The Perilous Life of a Teen Internet Queen
Raped, bullied, stalked, leered at, sneered at: Kiki Kannibal is the much-reviled teen Internet celebrity that launched a thousand scathing blog comments. This is no way to become famous.
If the traditional journey to fame is full of obstacles, then the path to Internet celebrity is laced with landmines. That's the lesson from the long Rolling Stone profile of 18-year-old Kiki Kannibal: Each step of her rise to internet fame was marked by a harrowing level of hostility and drama.
In 2006, Kiki (née Kristen Ostrenga) started her first MySpace page when she was 13 with her parents' permission. She concocted the outlandish scene queen Kiki Kannibal character and started amassing friends attracted by her kooky outfits and provocative photos. Pretty soon she was attracting death threats and cyberstalkers, too.
But that was nothing compared to what happened when, at 14, she started seeing 18-year-old Danny "Mr. MySpace" Cespedes. He allegedly raped her one night at her house, but when cops tried to arrest him in October of 2007, he threw himself off a parking garage and died. The following backlash of internet hate against Kannibal forced her and her mom to move.
That's when our old buddy, stalkery sextortionist Chris Stone entered the picture via his vile tween gossip site Stickydrama. After Cespedes' suicide, Stickydrama relentlessly hounded Kiki, blaming her for his death.
Here's a little detail from the Rolling Stone article about the kinds of opportunities open to the young and e-famous like Kiki, courtesy of Chris Stone:
[W]hile Stone rallied the mob, he was also trying to lure Kiki to his newest venture. He called it "Stickyhouse" - really his own L.A. condo - where he invited teens to live so he could film and blog the resulting drama, the more depraved the better. He had at least one steady resident, the bleached-blond Amor Hilton, who vamped about for Stone's online audience. But mostly Stickyhouse became a revolving guest list of boys, for whom Stone posted a casting call of sorts: "I'm over titties, I prefer cocks and assholes. TEENAGE cocks and assholes." The kids stayed rent-free, although Stone, who is gay, was straightforward about the terms, as when he posted, "I'm buttfucking a legit str8 boy tonight, or he's homeless, lol." He posted twitpics of his supposed conquests, like one of himself lying beside a sleeping teen of indeterminate age: "I have seen paradise and [name] gets to stay here another month."

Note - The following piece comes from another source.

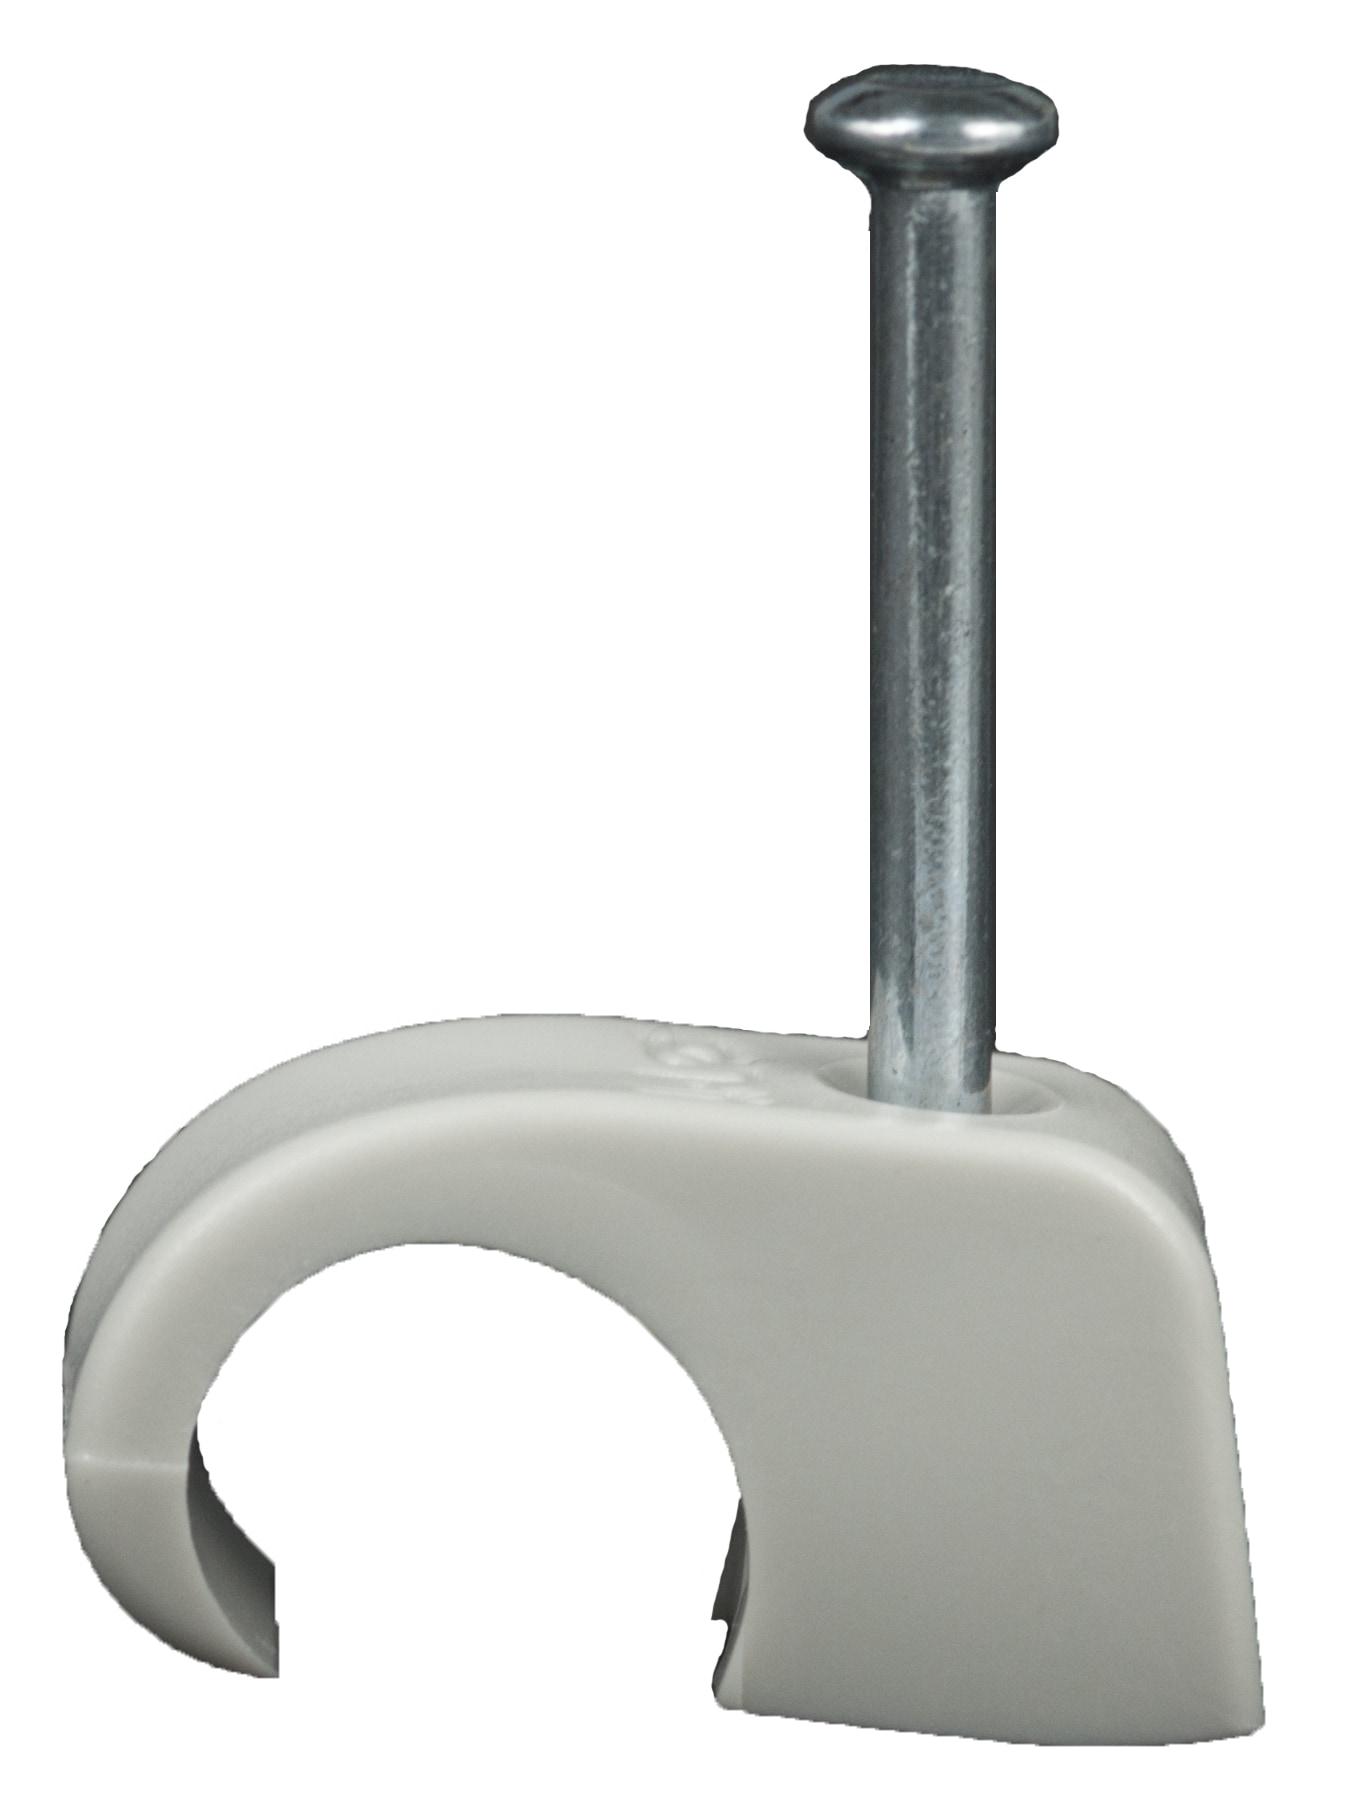 Don Q. Nagelschelle 2x25 7-11mm grau WKK PE VPE100 #903818

(Stickydrama shut down after we wrote a series of articles about it; Stone is currently in law school. We'll see how he does passing the California bar's moral character section.)
Among her detractors—and there are many—the general consensus is that Kiki's relentless self-promotion and fame-seeking meant she was "asking for it": She posed for sexy glamour shots while underaged; she called out her haters in blog posts. "She knows everything can be stopped, she's CHOOSING not to," wrote the e-celeb gossip blog efagz in an outraged post over the Rolling Stone article.
This argument falls apart if you consider the fact that someone can no more "ask" for death threats and harassment or the attention of Chris Stone than they can ask to be raped. People act like jackasses literally every second on the Internet; are they all asking to be serially harassed and cyberstalked by strangers? No.
But nothing gets the online hive mind's psychotic rage juices flowing better than a young woman who it feels is out of line. That the internet so readily confuses a young girl's misguided quest for fame as a plea to be brutalized (see: Rebecca Black, Jessi Slaughter) says more about the Internet than it does about the girl.